Two wheels good, four wheels bad
ONLY A few decades ago, about 80 per cent of children walked or cycled to school – now the figure stands at just 20 per cent.
Published February 12, 2007 by The Age
Schools are encouraging students to ride a bike rather than a back seat, writes Margaret Cook.
AU — ONLY A few decades ago, about 80 per cent of children walked or cycled to school – now the figure stands at just 20 per cent.
So why the decline? According to Bicycle Victoria's chief executive manager, Harry Barber, it's partly due to parents "wanting to be nice" and their fears about safety. "It's ebbed away over time to the point where 17 per cent of morning peak-hour traffic during term time is kids being driven to school, despite most of those in the metropolitan area living within a two kilometre distance," he says.
There are also more practical reasons. Often schools don't open their gates until 15 minutes before lessons, so parents find it quicker to drop children off on their way to work than walking with them, returning home and then leaving for work themselves.
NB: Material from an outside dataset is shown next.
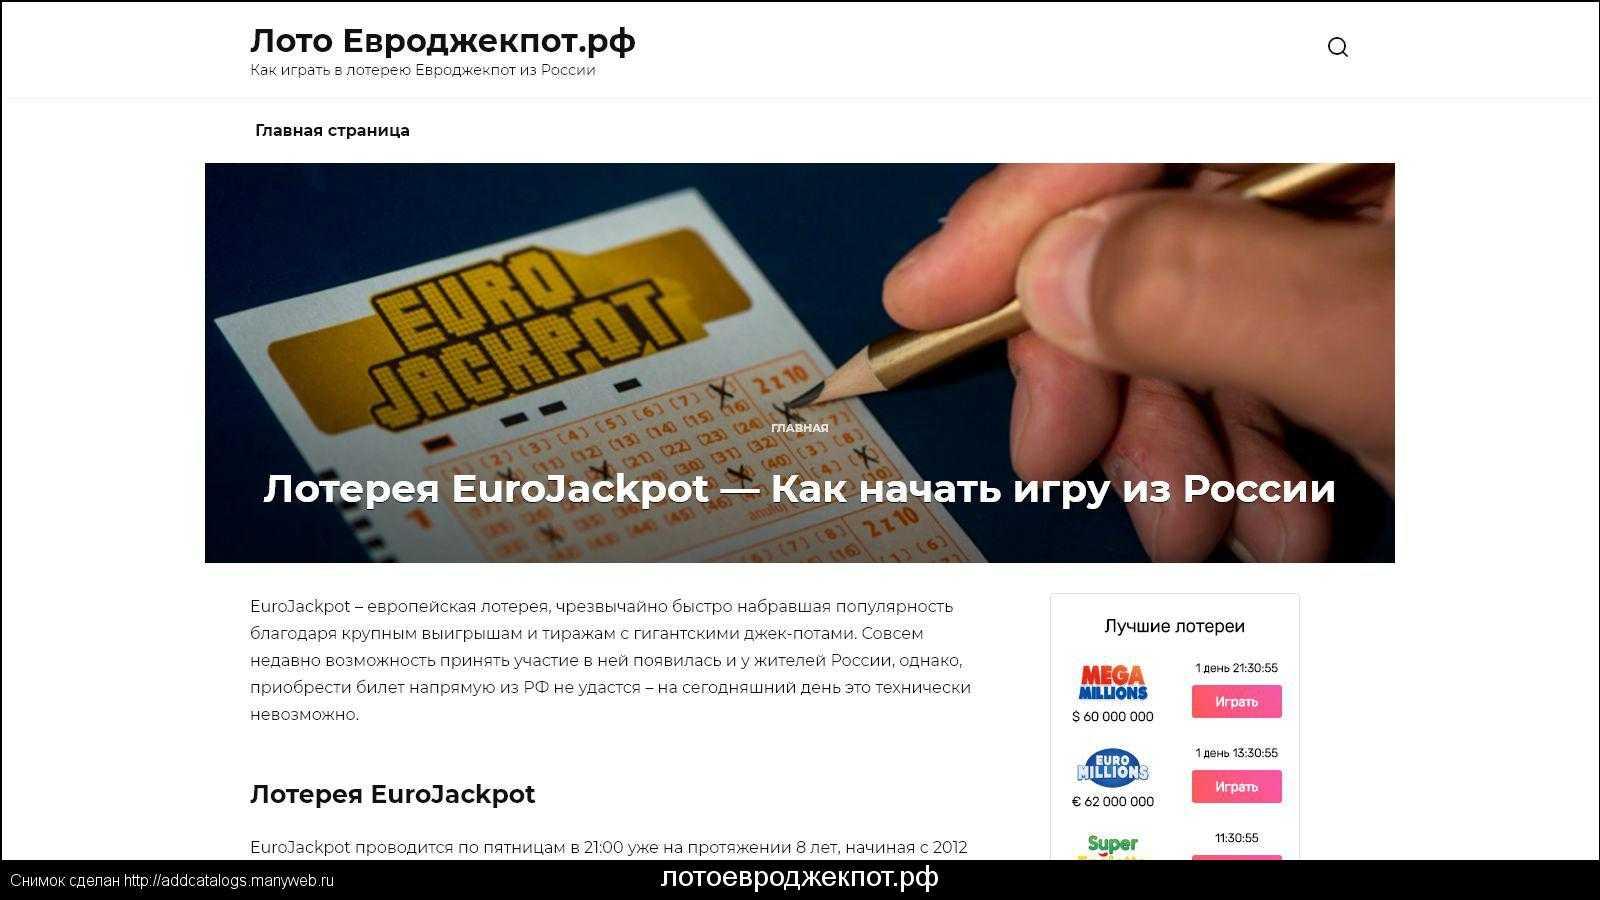 Eurojackpot | أكبر يانصيب رسمي في أوروبا

"We also haven't made it easy for parents and kids to walk," Mr Barber says. "We've found that school crossings aren't always on the routes that they use and there aren't always pram ramps on footpaths for parents with younger children."
As the numbers cycling to school decreased, bike sheds (for safe storage) were torn down or fell into disrepair, making cycling even less attractive.
But, encouragingly, times are changing. According to the Cycling Promotion Fund, bicycle sales recently outstripped vehicle sales for the seventh consecutive year. Almost 1.3 million bikes were sold in 2006, including for children and teenagers.
Reasons for the change include concerns about childhood obesity, greenhouse gas emissions and higher petrol prices.
Governments are also encouraging children to be more active. Last October, Premier Steve Bracks announced $4 million over four years for the Ride2School program administered by Bicycle Victoria. This includes $400,000 for bike-storage areas and $800,000 for new bikes for primary students – particularly those from disadvantaged areas – who have shown leadership in encouraging "active transport" (for example, cycling, walking, skateboarding, scooter, in-line skates).
So far, about 300 schools have registered with the Ride2School program, which is aimed at 10 to 15-year-olds. It encourages schools to set targets to reduce driving, promote "active transport" to parents, start bike clubs and organise "ride to school days" and cycling excursions. Schools also conduct "hands up" surveys of how students got to school on the first day of each month, then send the results to the Ride2School team.
Mr Barber says it's important that schools work closely with families and the community to encourage "active transport" – for example, by informing bike shops about the program and meeting police youth resource officers and local government transport officers.
Fairfield Primary principal Judy Walsh says the school is encouraging the entire school community to "make an extra effort to use active transport". On its "ride to school" day last November (organised by grades 5-6 students with water bottles donated by the local bike centre as prizes), 76 per cent of children walked or used bikes, scooters, skateboards, skates and even a unicycle.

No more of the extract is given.